Only the lines from the one with "Odensevej-26-1954-55" through the last line of the material below belong in the answer, copied exactly and without pictures.

■ COLLECTED DATA

+===+

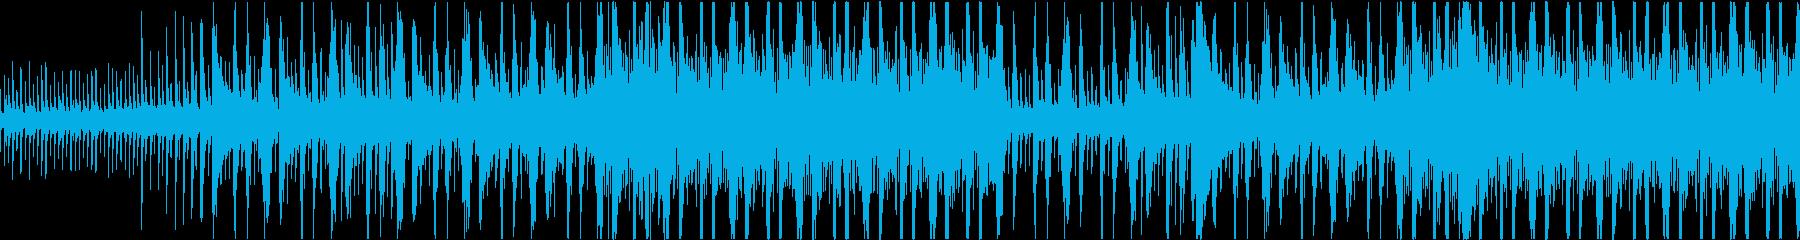 機械的で不気味なテクスチャー(ループ)の再生済みの波形
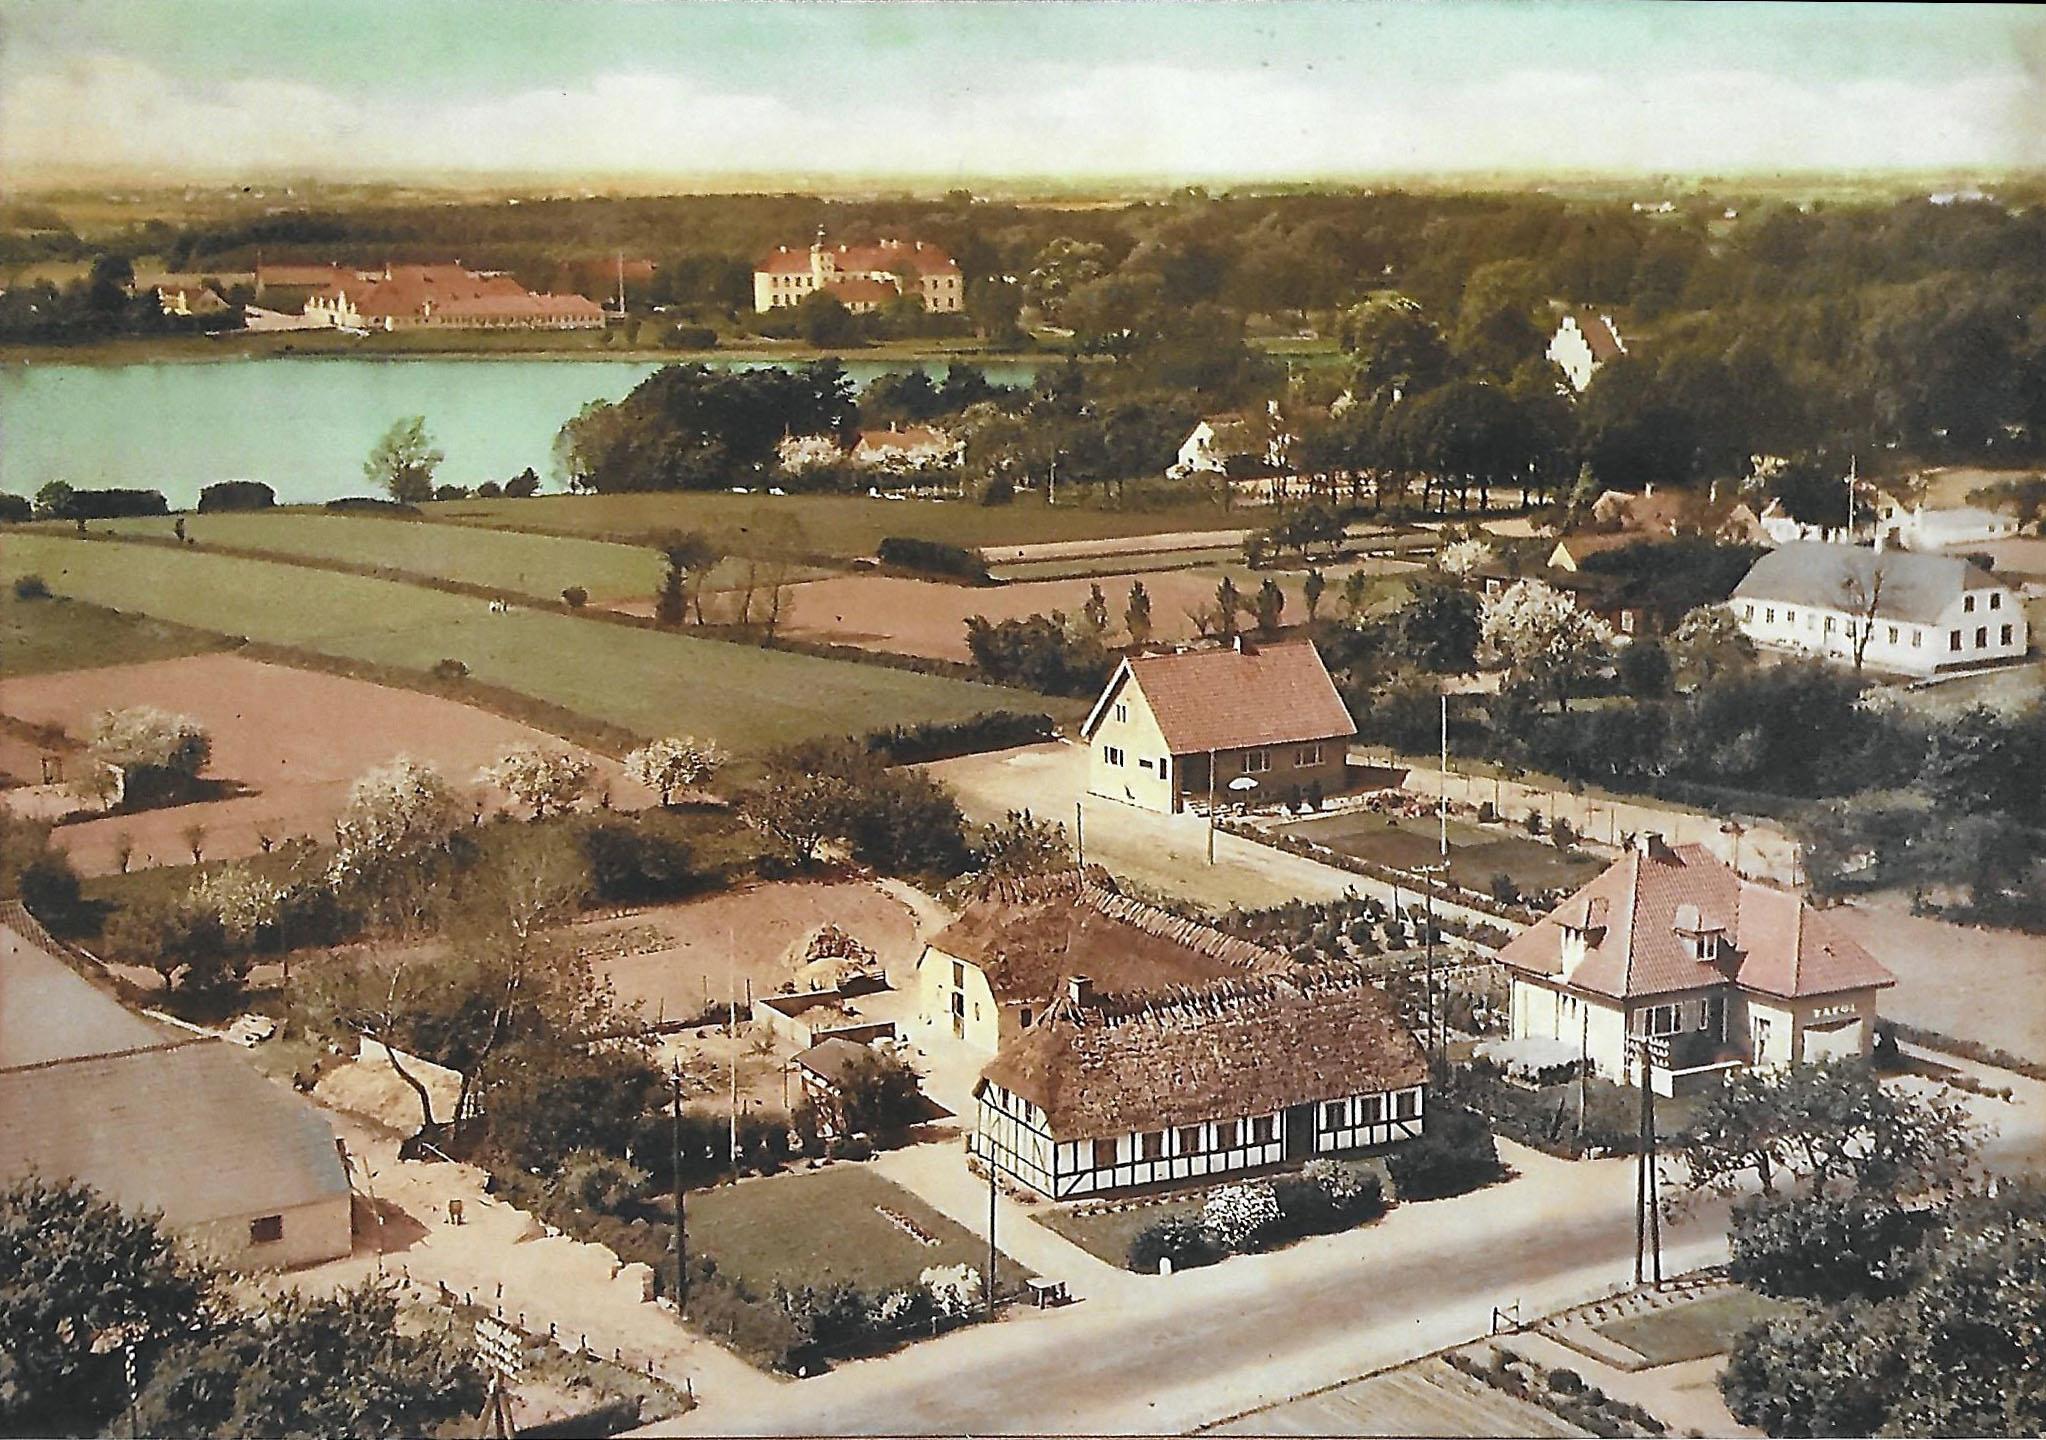 Odensevej-26-1954-55
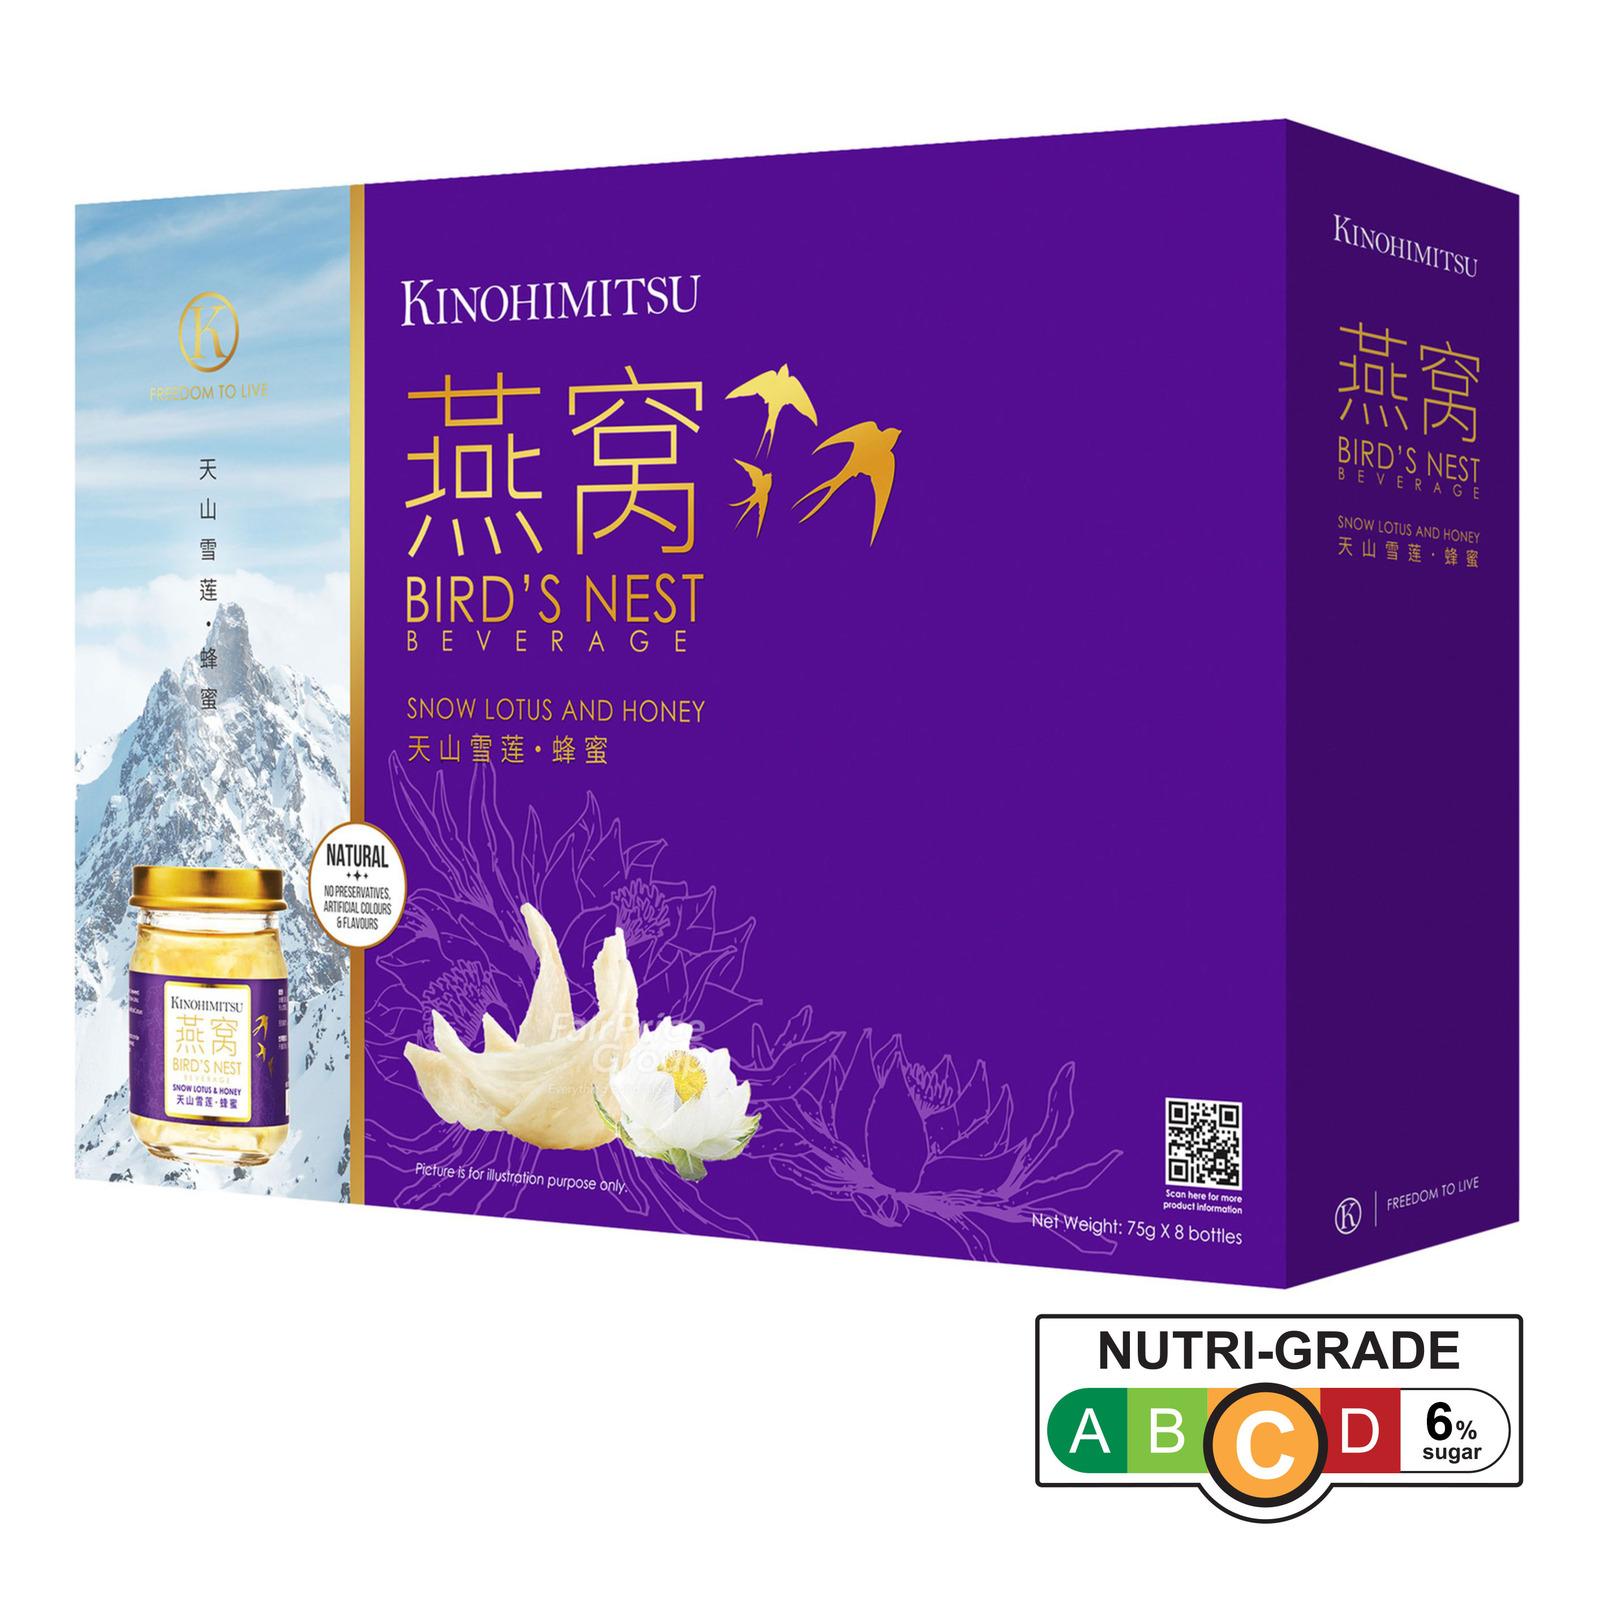 Kinohimitsu Bird's Nest - Snow Lotus & Honey

+===+

■ THE ANSWER
 Odensevej-26-1954-55
 Kinohimitsu Bird's Nest - Snow Lotus & Honey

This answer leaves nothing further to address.